Swedish residential investor Heimstaden plans to sell 12,000 of its 13,500 rental homes in the Netherlands in response to the tough economic climate and government plans to further regulate rental prices.
The company, which entered the Dutch market in 2019 with a €1.4 bn portfolio deal, has confirmed local media reports that it is seeking to dispose of 2,500 homes over the next two years.
Heimstaden said the move was aimed at keeping the company ‘financially strong’ and enabling it to grow in the future, including in the Netherlands.
It denied reports the disposal plan was motivated by an urgent need for capital, with ratings agencies Fitch and S&P looking to downgrade the company’s BBB credit rating, as suggested by Dutch financial daily Het Financieele Dagblad.
Company spokesman Edward Touw reiterated Heimstaden was not in financial distress.
'Operationally, we booked strong results again in the last quarter. The steps we are taking now are therefore a response to both changing economic conditions such as increased interest rates and declining real estate values as well as the hostile political climate - as we have indicated from the beginning.'
Heimstaden was not in need of a financial injection, he stressed, referring to a statement put out by parent company Heimstaden Bostad in early October.
The statement read: ‘In recent months, some media outlets have portrayed Heimstaden Bostad as a company in crisis with a high loan to value (LTV) unable to meet loan conditions, and in need of equity from its owners.
Let’s be clear: Heimstaden Bostad is not in need of an equity injection.’
It continued: ‘Over the next 18 months, we have SEK 24 billion in maturing bonds. With SEK 27 billion in cash and accessible credit lines, coupled with over SEK 50 billion in secured bank financing since early 2022, we have firm control over maturities until Q3 2025. This underscores the financial attractiveness of our properties, even in the current market environment.’
Despite a 12% valuation decrease in the past year, Heimstaden said its ‘prudent financial approach and substantial equity injections in recent years’ had positioned the company well, helping it maintain an LTV margin that meets S&P's threshold for a BBB rating.

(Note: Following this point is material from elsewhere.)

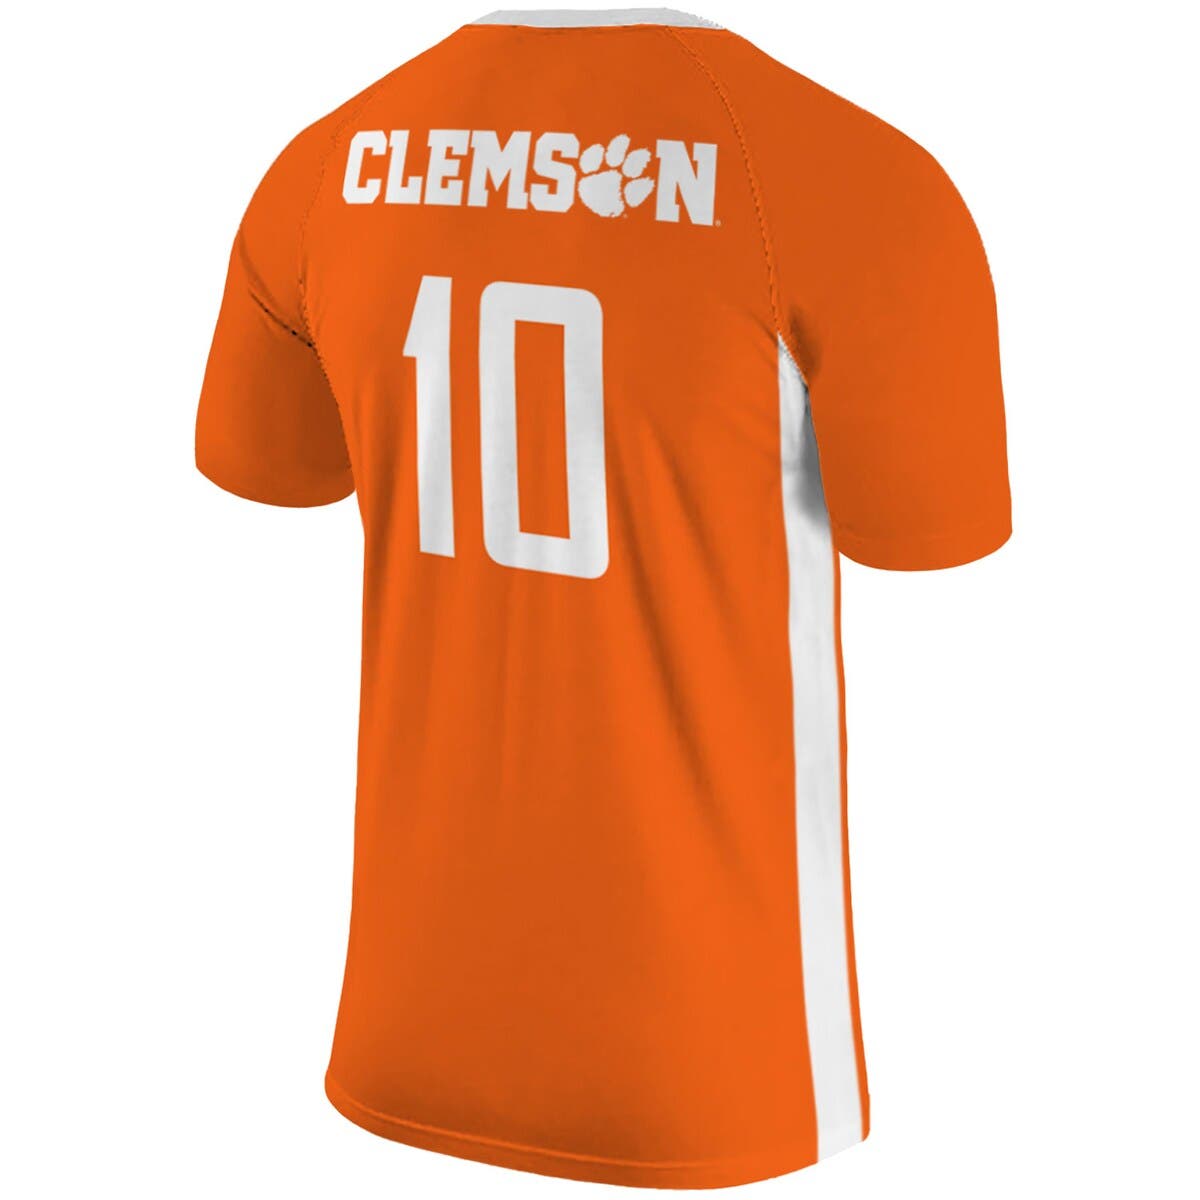 Tigers soccer jersey numbers

In its Q2 report, Heimstaden said its Loan-to-Value (LTV) ratio had increased to 54.4% from 52.7% in Q1.
Job cuts
Nor is Heimstaden planning to shed 8-10% of its workforce in the Netherlands as a result of the disposals, said Touw, referring to the FD report.
'Of course the strategy change has an impact on a number of functions and for those colleagues we will look for a good solution - for example by finding another position within the organisation. Unfortunately we can’t avoid having to part with a number of our colleagues, but that is very different from cutting 8 to 10% of jobs,’ he said.
Under the new Dutch policy measures, more homes will fall under rent controls, in a move aimed at giving central government more say in residential property development, and ensuring that the target of 900,000 new homes are built by 2030.
Two-thirds of new housing would be classed as affordable – either rent controlled, mid-market rentals (up to around €1,100 per month) or for sale at affordable prices.